A deque is a doubly-linked list of fixed-size blocks. Each block holds BLOCKLEN = 64 object pointers. The struct tracks leftblock, leftindex, rightblock, and rightindex. Appending to the right increments rightindex; when rightindex == BLOCKLEN a new block is allocated and linked in. Popping from the right decrements rightindex; when the block becomes empty it is freed and rightblock moves to its predecessor.

The left side is symmetric: appendleft decrements leftindex (allocating a new block when it reaches -1) and popleft increments it (freeing the block when all slots are consumed).
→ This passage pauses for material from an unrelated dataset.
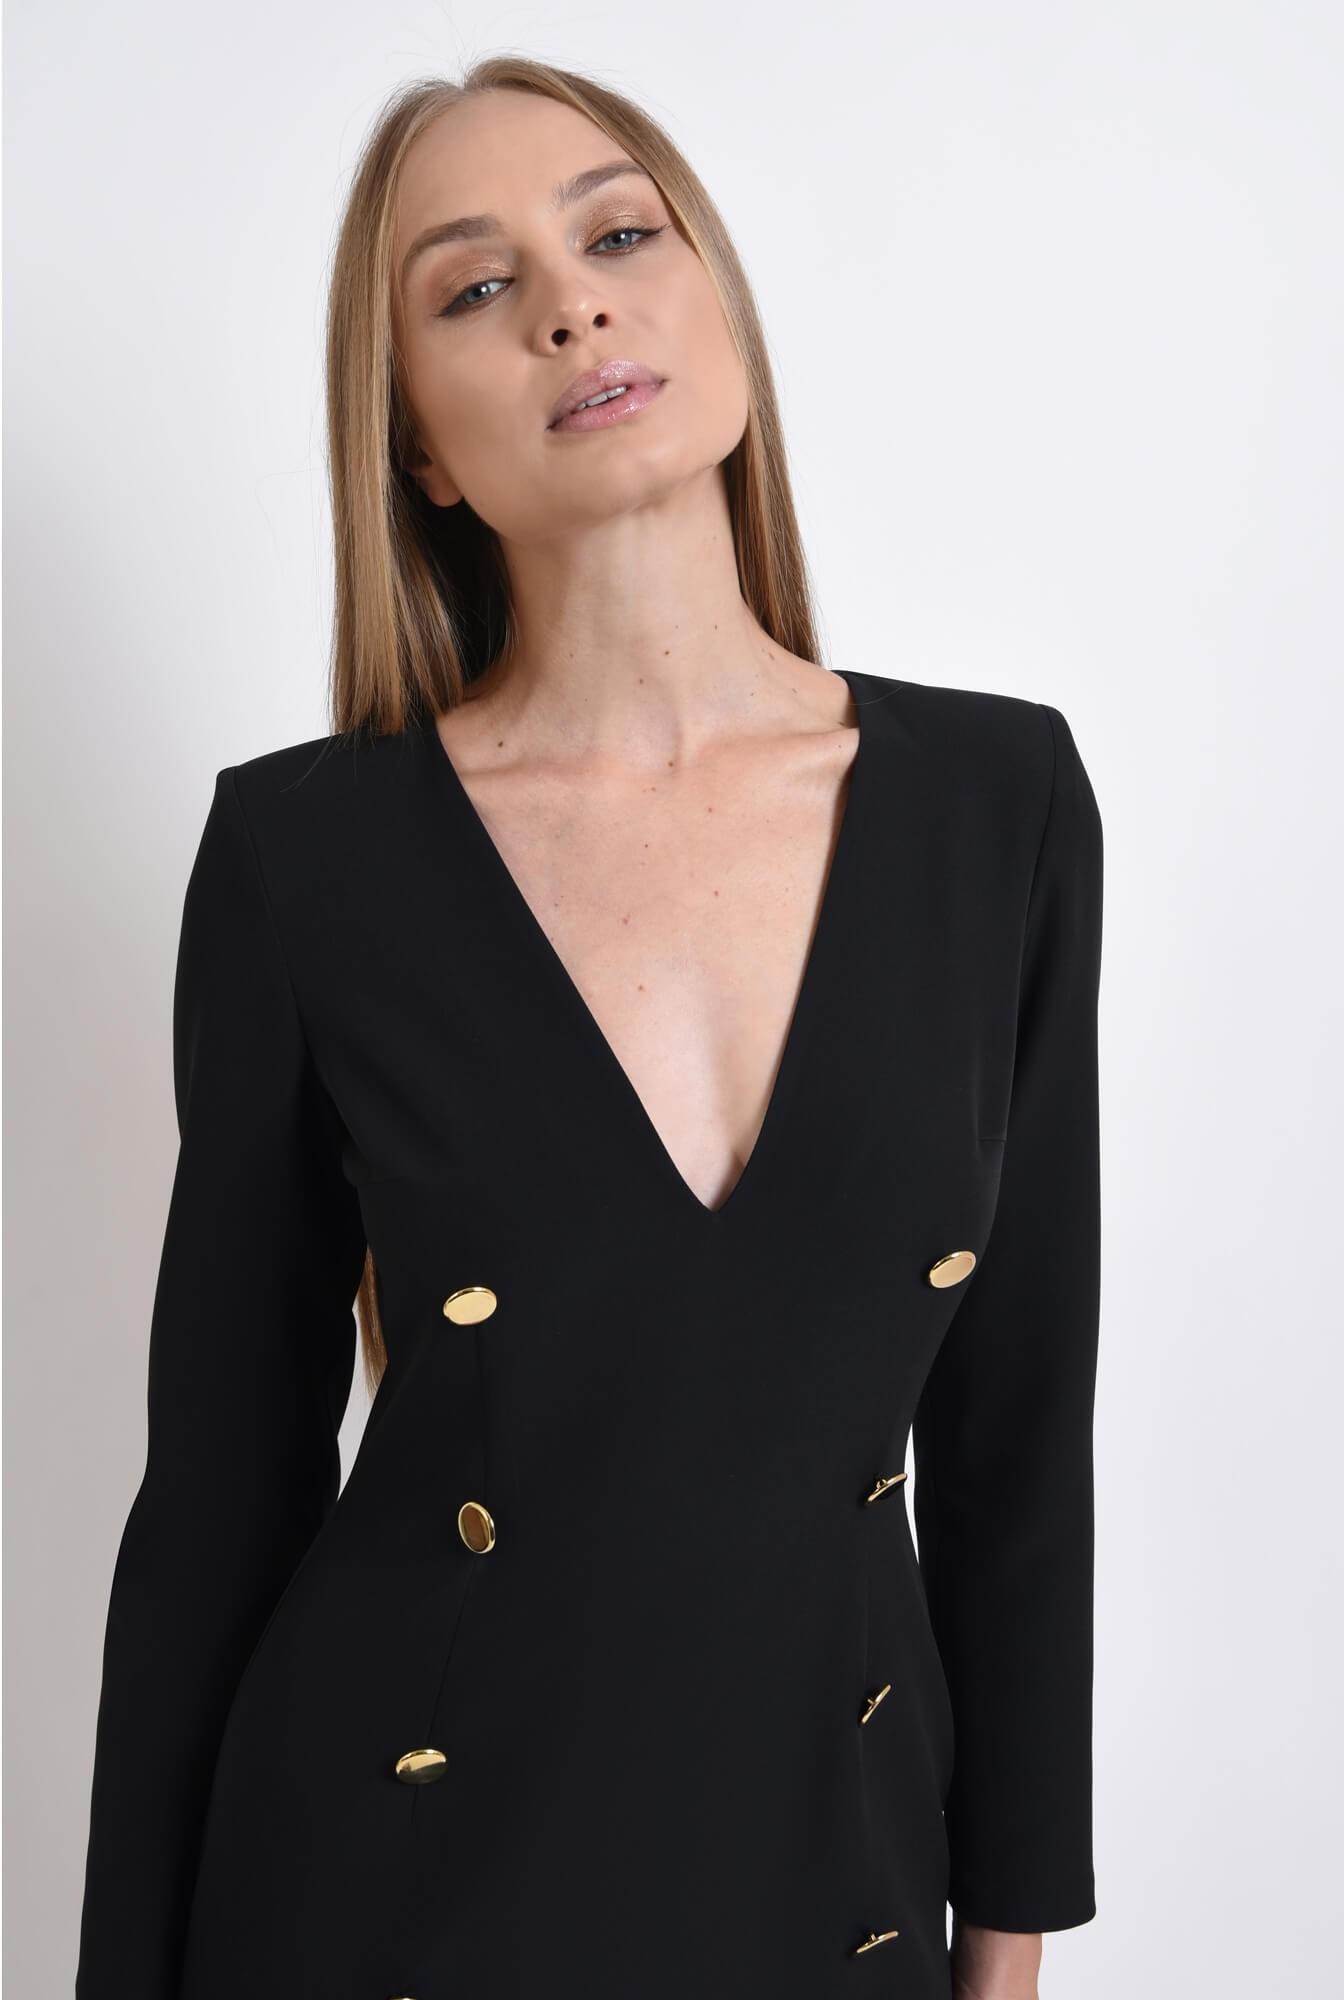 2 - rochie casual, neagra, cu nasturi multipli

This design avoids per-element allocation and achieves true O(1) amortized cost for all four operations, unlike a Python list which copies on growth.

deque_rotate: block-level pointer swap

For small rotations deque_rotate calls deque_append / deque_pop in a loop. For rotations larger than BLOCKLEN/2, CPython switches to moving entire blocks by relinking block pointers rather than copying elements one by one. The direction of rotation determines whether blocks migrate from the left chain to the right or vice versa.

maxlen enforcement happens inside deque_append and deque_appendleft: after inserting the new element, if len > maxlen the element at the opposite end is immediately popped. This keeps the length invariant with no separate check.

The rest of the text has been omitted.